##### Given information #####

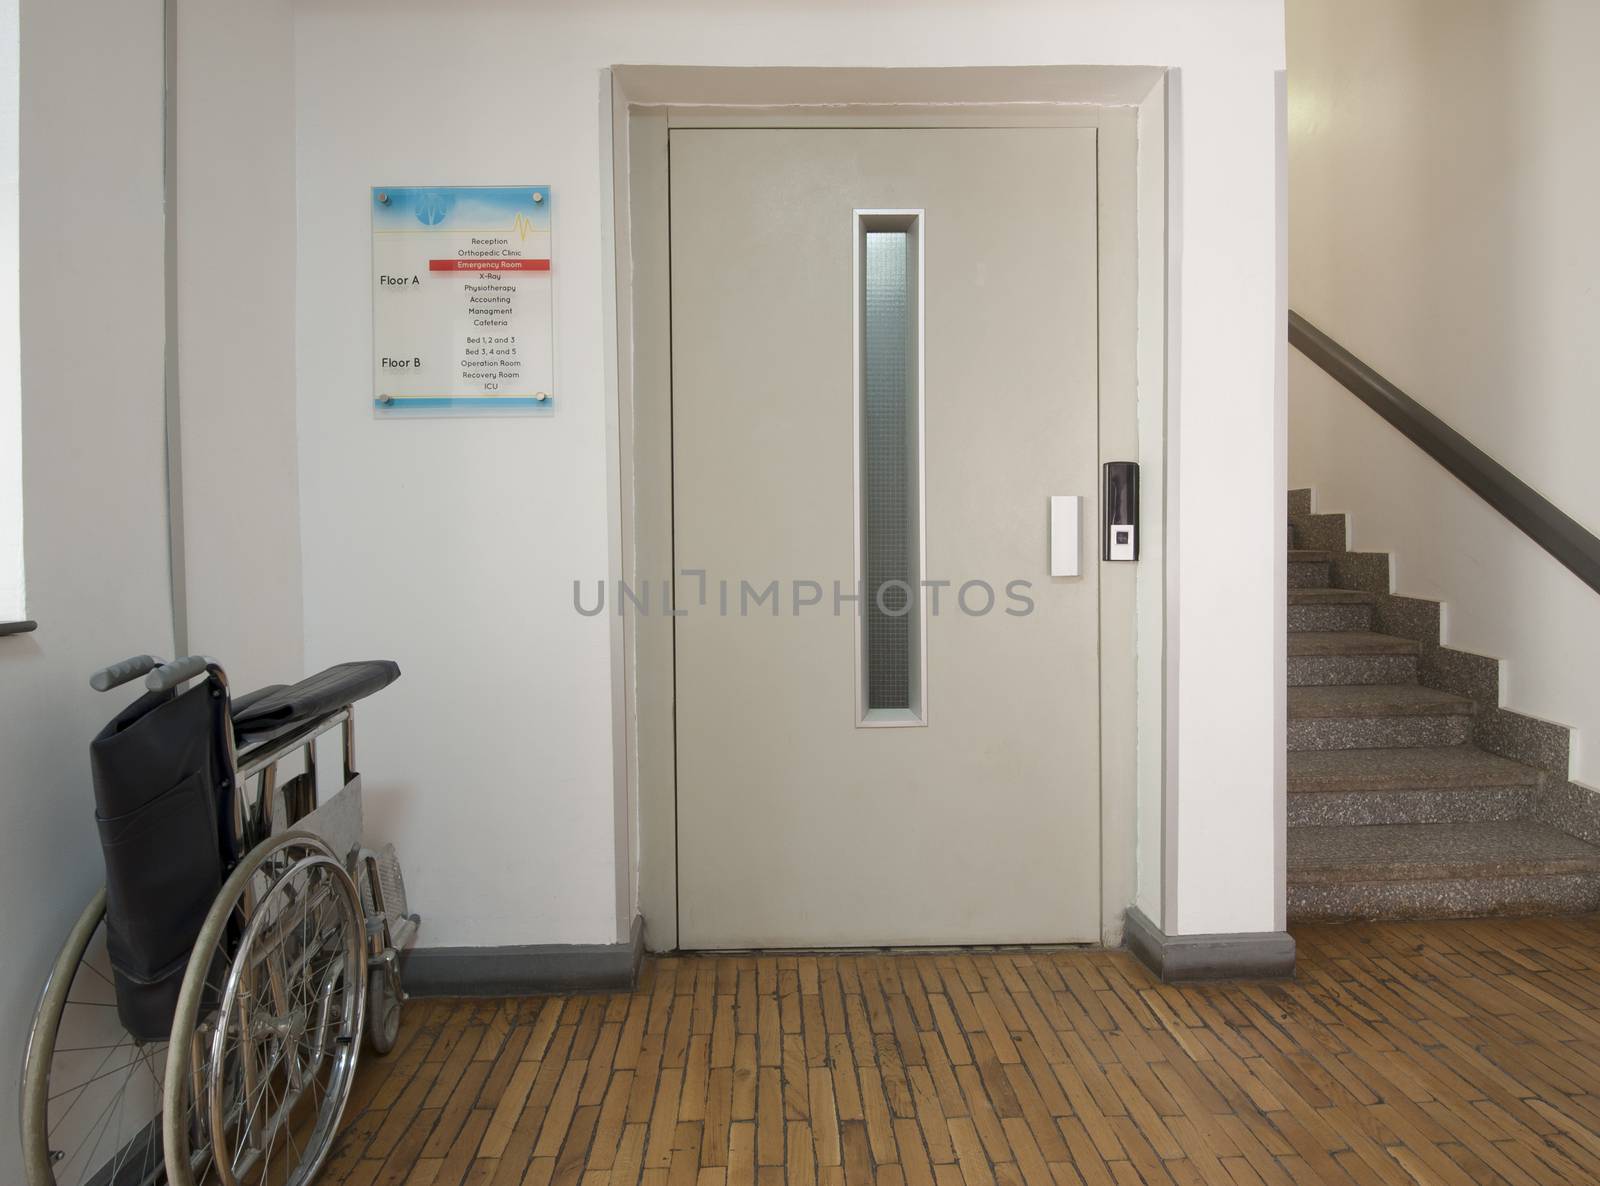 Entrance foyer in medical centre by paulvinten
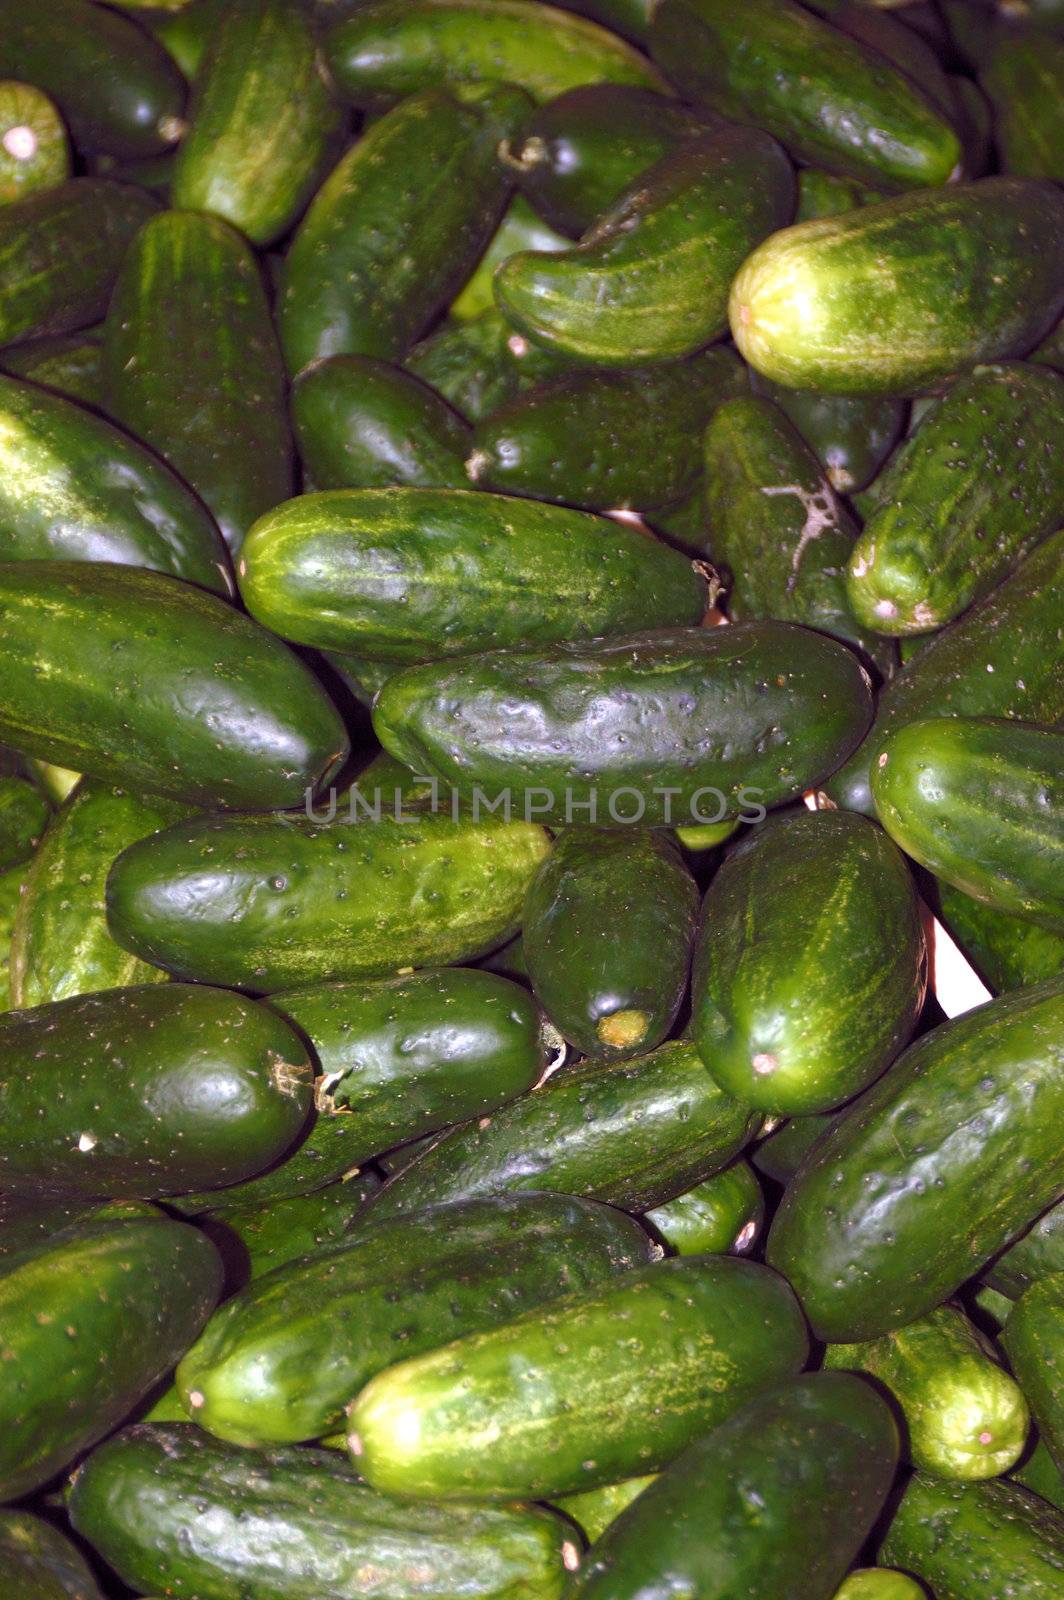 Macro shot of multiple cucumbers back ground
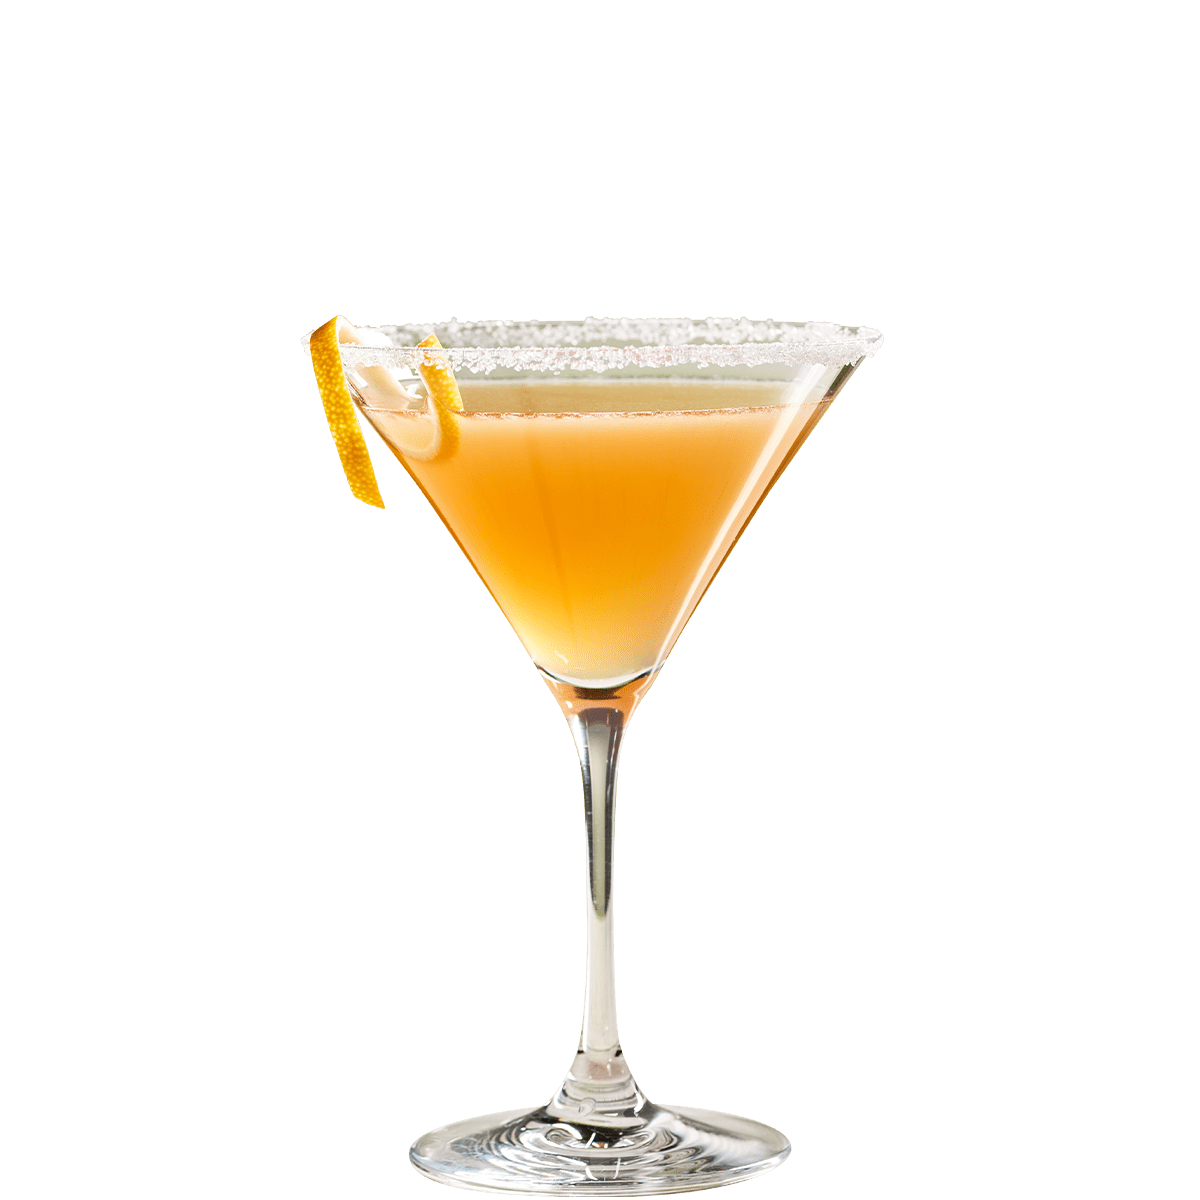 Sidecar in a martini glass
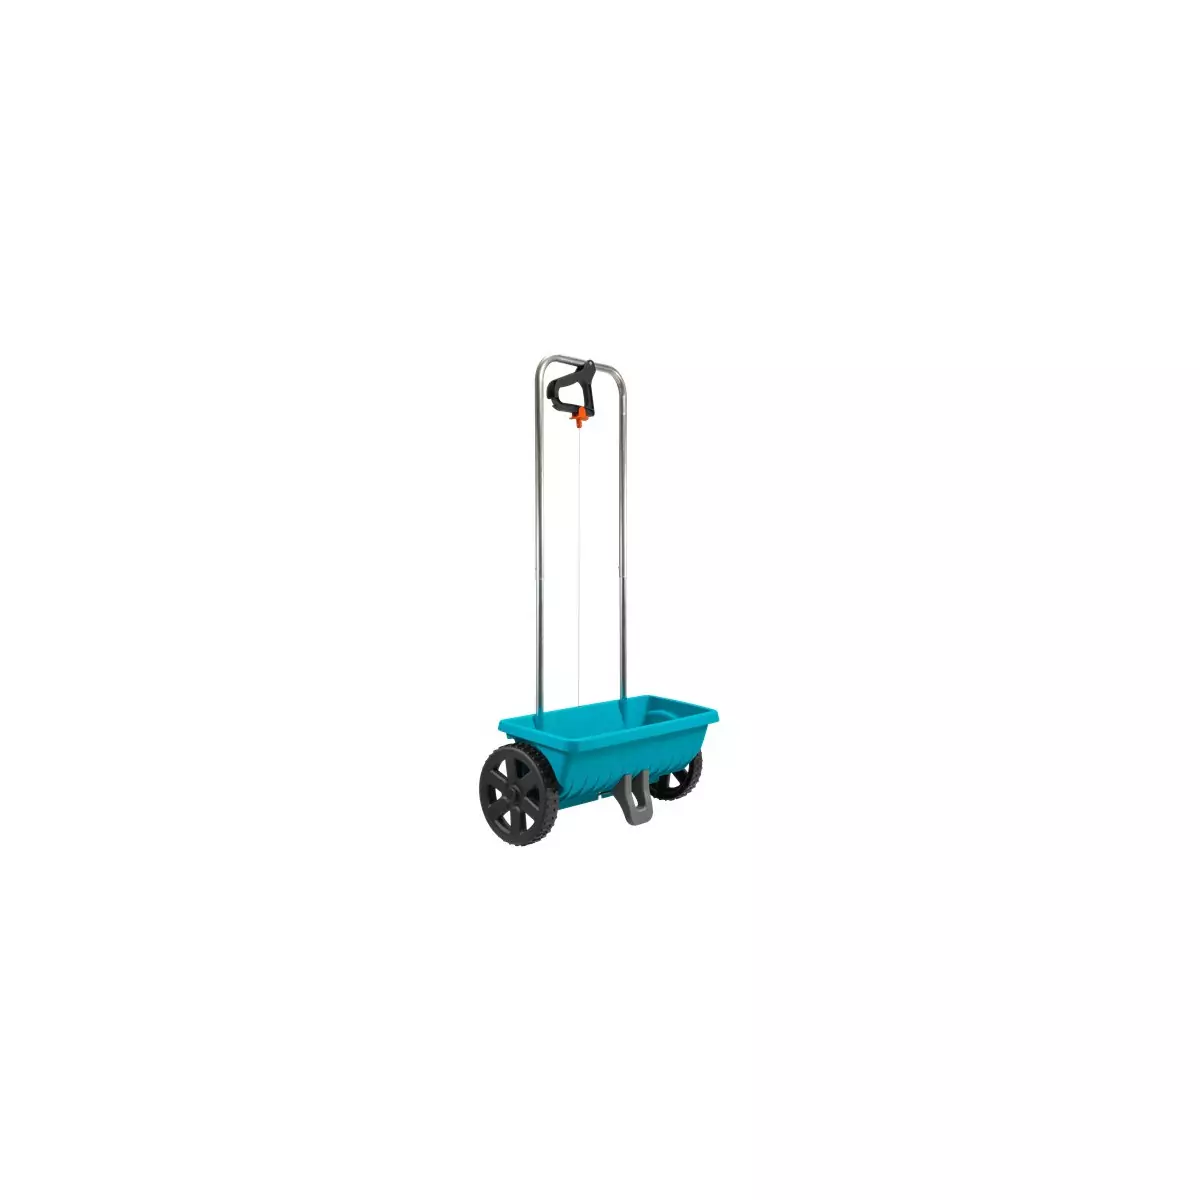 Fertilizer spreader or lawn L on wheels Gardena

#####

Transcribe the data completely. No pictures should appear in the transcription.

Answer section:
 Entrance foyer in medical centre by paulvinten
 Macro shot of multiple cucumbers back ground
 Sidecar in a martini glass
 Fertilizer spreader or lawn L on wheels Gardena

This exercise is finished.